Records contained in a dataset:
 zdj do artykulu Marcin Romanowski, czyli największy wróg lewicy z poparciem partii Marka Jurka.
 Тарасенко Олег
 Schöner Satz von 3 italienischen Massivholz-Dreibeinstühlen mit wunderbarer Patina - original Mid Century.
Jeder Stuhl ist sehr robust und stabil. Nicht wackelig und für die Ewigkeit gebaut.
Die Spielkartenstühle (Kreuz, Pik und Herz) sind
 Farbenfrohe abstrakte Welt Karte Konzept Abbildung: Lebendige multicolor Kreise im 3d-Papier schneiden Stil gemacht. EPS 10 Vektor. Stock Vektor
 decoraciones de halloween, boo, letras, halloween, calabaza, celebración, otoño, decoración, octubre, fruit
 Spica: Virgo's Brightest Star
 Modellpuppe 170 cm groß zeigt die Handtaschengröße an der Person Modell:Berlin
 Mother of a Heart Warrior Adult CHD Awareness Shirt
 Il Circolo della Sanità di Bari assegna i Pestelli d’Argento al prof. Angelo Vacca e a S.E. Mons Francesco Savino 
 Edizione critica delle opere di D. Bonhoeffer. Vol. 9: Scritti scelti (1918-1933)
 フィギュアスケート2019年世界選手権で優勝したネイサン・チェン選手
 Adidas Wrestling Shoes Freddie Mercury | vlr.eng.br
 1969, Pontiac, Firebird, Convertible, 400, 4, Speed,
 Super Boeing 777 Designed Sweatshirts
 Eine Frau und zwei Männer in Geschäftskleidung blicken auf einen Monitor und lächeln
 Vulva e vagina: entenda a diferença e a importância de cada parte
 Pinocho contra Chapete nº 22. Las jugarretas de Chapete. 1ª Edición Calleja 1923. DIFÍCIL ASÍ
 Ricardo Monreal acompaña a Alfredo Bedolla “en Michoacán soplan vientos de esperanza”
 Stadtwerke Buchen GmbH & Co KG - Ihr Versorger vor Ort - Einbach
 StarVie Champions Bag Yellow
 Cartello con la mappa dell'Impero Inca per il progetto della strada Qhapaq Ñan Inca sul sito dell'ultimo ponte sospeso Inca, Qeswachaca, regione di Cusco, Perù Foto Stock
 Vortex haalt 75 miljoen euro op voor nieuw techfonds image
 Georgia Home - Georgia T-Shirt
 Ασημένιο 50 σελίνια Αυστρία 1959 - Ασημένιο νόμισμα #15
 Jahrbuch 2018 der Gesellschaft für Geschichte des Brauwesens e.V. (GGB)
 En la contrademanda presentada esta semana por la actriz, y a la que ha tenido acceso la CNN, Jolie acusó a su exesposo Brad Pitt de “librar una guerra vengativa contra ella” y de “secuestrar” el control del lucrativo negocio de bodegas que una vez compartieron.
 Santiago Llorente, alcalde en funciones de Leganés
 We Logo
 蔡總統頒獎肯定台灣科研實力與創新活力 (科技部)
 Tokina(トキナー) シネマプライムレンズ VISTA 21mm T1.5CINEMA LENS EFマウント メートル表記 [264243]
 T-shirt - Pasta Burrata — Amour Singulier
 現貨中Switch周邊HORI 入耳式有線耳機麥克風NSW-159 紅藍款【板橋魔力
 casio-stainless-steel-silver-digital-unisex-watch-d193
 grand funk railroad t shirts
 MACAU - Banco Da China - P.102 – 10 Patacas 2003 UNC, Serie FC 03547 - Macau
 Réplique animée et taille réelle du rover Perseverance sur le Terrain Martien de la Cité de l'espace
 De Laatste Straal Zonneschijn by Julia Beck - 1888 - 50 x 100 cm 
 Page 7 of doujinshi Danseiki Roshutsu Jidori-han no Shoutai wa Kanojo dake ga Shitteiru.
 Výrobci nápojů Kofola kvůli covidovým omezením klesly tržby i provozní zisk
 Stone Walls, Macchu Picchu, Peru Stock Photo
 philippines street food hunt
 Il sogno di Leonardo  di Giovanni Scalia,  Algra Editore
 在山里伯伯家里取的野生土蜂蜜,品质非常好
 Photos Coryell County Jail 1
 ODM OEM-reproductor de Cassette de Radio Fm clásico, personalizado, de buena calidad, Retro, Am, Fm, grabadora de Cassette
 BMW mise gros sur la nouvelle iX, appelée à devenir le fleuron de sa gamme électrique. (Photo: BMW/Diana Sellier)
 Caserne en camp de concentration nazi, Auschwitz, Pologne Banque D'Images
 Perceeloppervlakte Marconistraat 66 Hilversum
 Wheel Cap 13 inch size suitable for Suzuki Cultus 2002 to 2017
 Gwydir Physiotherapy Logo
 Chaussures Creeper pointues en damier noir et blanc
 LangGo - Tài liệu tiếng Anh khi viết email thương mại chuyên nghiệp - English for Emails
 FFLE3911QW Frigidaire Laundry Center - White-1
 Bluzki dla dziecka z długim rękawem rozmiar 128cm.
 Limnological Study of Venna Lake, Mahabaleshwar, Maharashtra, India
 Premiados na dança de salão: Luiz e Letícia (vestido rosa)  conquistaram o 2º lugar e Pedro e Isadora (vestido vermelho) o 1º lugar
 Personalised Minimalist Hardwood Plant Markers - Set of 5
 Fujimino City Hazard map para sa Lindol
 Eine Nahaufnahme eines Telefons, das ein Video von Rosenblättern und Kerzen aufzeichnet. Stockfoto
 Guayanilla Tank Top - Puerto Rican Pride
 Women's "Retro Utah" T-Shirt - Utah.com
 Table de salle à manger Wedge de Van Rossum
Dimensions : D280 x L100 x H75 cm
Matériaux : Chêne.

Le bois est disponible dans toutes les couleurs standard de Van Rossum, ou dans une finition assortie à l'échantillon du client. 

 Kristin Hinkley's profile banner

Problem details:
Every record above is to be given again precisely.

Response area:
 zdj do artykulu Marcin Romanowski, czyli największy wróg lewicy z poparciem partii Marka Jurka.
 Тарасенко Олег
 Schöner Satz von 3 italienischen Massivholz-Dreibeinstühlen mit wunderbarer Patina - original Mid Century.
Jeder Stuhl ist sehr robust und stabil. Nicht wackelig und für die Ewigkeit gebaut.
Die Spielkartenstühle (Kreuz, Pik und Herz) sind
 Farbenfrohe abstrakte Welt Karte Konzept Abbildung: Lebendige multicolor Kreise im 3d-Papier schneiden Stil gemacht. EPS 10 Vektor. Stock Vektor
 decoraciones de halloween, boo, letras, halloween, calabaza, celebración, otoño, decoración, octubre, fruit
 Spica: Virgo's Brightest Star
 Modellpuppe 170 cm groß zeigt die Handtaschengröße an der Person Modell:Berlin
 Mother of a Heart Warrior Adult CHD Awareness Shirt
 Il Circolo della Sanità di Bari assegna i Pestelli d’Argento al prof. Angelo Vacca e a S.E. Mons Francesco Savino 
 Edizione critica delle opere di D. Bonhoeffer. Vol. 9: Scritti scelti (1918-1933)
 フィギュアスケート2019年世界選手権で優勝したネイサン・チェン選手
 Adidas Wrestling Shoes Freddie Mercury | vlr.eng.br
 1969, Pontiac, Firebird, Convertible, 400, 4, Speed,
 Super Boeing 777 Designed Sweatshirts
 Eine Frau und zwei Männer in Geschäftskleidung blicken auf einen Monitor und lächeln
 Vulva e vagina: entenda a diferença e a importância de cada parte
 Pinocho contra Chapete nº 22. Las jugarretas de Chapete. 1ª Edición Calleja 1923. DIFÍCIL ASÍ
 Ricardo Monreal acompaña a Alfredo Bedolla “en Michoacán soplan vientos de esperanza”
 Stadtwerke Buchen GmbH & Co KG - Ihr Versorger vor Ort - Einbach
 StarVie Champions Bag Yellow
 Cartello con la mappa dell'Impero Inca per il progetto della strada Qhapaq Ñan Inca sul sito dell'ultimo ponte sospeso Inca, Qeswachaca, regione di Cusco, Perù Foto Stock
 Vortex haalt 75 miljoen euro op voor nieuw techfonds image
 Georgia Home - Georgia T-Shirt
 Ασημένιο 50 σελίνια Αυστρία 1959 - Ασημένιο νόμισμα #15
 Jahrbuch 2018 der Gesellschaft für Geschichte des Brauwesens e.V. (GGB)
 En la contrademanda presentada esta semana por la actriz, y a la que ha tenido acceso la CNN, Jolie acusó a su exesposo Brad Pitt de “librar una guerra vengativa contra ella” y de “secuestrar” el control del lucrativo negocio de bodegas que una vez compartieron.
 Santiago Llorente, alcalde en funciones de Leganés
 We Logo
 蔡總統頒獎肯定台灣科研實力與創新活力 (科技部)
 Tokina(トキナー) シネマプライムレンズ VISTA 21mm T1.5CINEMA LENS EFマウント メートル表記 [264243]
 T-shirt - Pasta Burrata — Amour Singulier
 現貨中Switch周邊HORI 入耳式有線耳機麥克風NSW-159 紅藍款【板橋魔力
 casio-stainless-steel-silver-digital-unisex-watch-d193
 grand funk railroad t shirts
 MACAU - Banco Da China - P.102 – 10 Patacas 2003 UNC, Serie FC 03547 - Macau
 Réplique animée et taille réelle du rover Perseverance sur le Terrain Martien de la Cité de l'espace
 De Laatste Straal Zonneschijn by Julia Beck - 1888 - 50 x 100 cm 
 Page 7 of doujinshi Danseiki Roshutsu Jidori-han no Shoutai wa Kanojo dake ga Shitteiru.
 Výrobci nápojů Kofola kvůli covidovým omezením klesly tržby i provozní zisk
 Stone Walls, Macchu Picchu, Peru Stock Photo
 philippines street food hunt
 Il sogno di Leonardo  di Giovanni Scalia,  Algra Editore
 在山里伯伯家里取的野生土蜂蜜,品质非常好
 Photos Coryell County Jail 1
 ODM OEM-reproductor de Cassette de Radio Fm clásico, personalizado, de buena calidad, Retro, Am, Fm, grabadora de Cassette
 BMW mise gros sur la nouvelle iX, appelée à devenir le fleuron de sa gamme électrique. (Photo: BMW/Diana Sellier)
 Caserne en camp de concentration nazi, Auschwitz, Pologne Banque D'Images
 Perceeloppervlakte Marconistraat 66 Hilversum
 Wheel Cap 13 inch size suitable for Suzuki Cultus 2002 to 2017
 Gwydir Physiotherapy Logo
 Chaussures Creeper pointues en damier noir et blanc
 LangGo - Tài liệu tiếng Anh khi viết email thương mại chuyên nghiệp - English for Emails
 FFLE3911QW Frigidaire Laundry Center - White-1
 Bluzki dla dziecka z długim rękawem rozmiar 128cm.
 Limnological Study of Venna Lake, Mahabaleshwar, Maharashtra, India
 Premiados na dança de salão: Luiz e Letícia (vestido rosa)  conquistaram o 2º lugar e Pedro e Isadora (vestido vermelho) o 1º lugar
 Personalised Minimalist Hardwood Plant Markers - Set of 5
 Fujimino City Hazard map para sa Lindol
 Eine Nahaufnahme eines Telefons, das ein Video von Rosenblättern und Kerzen aufzeichnet. Stockfoto
 Guayanilla Tank Top - Puerto Rican Pride
 Women's "Retro Utah" T-Shirt - Utah.com
 Table de salle à manger Wedge de Van Rossum
Dimensions : D280 x L100 x H75 cm
Matériaux : Chêne.

Le bois est disponible dans toutes les couleurs standard de Van Rossum, ou dans une finition assortie à l'échantillon du client. 

 Kristin Hinkley's profile banner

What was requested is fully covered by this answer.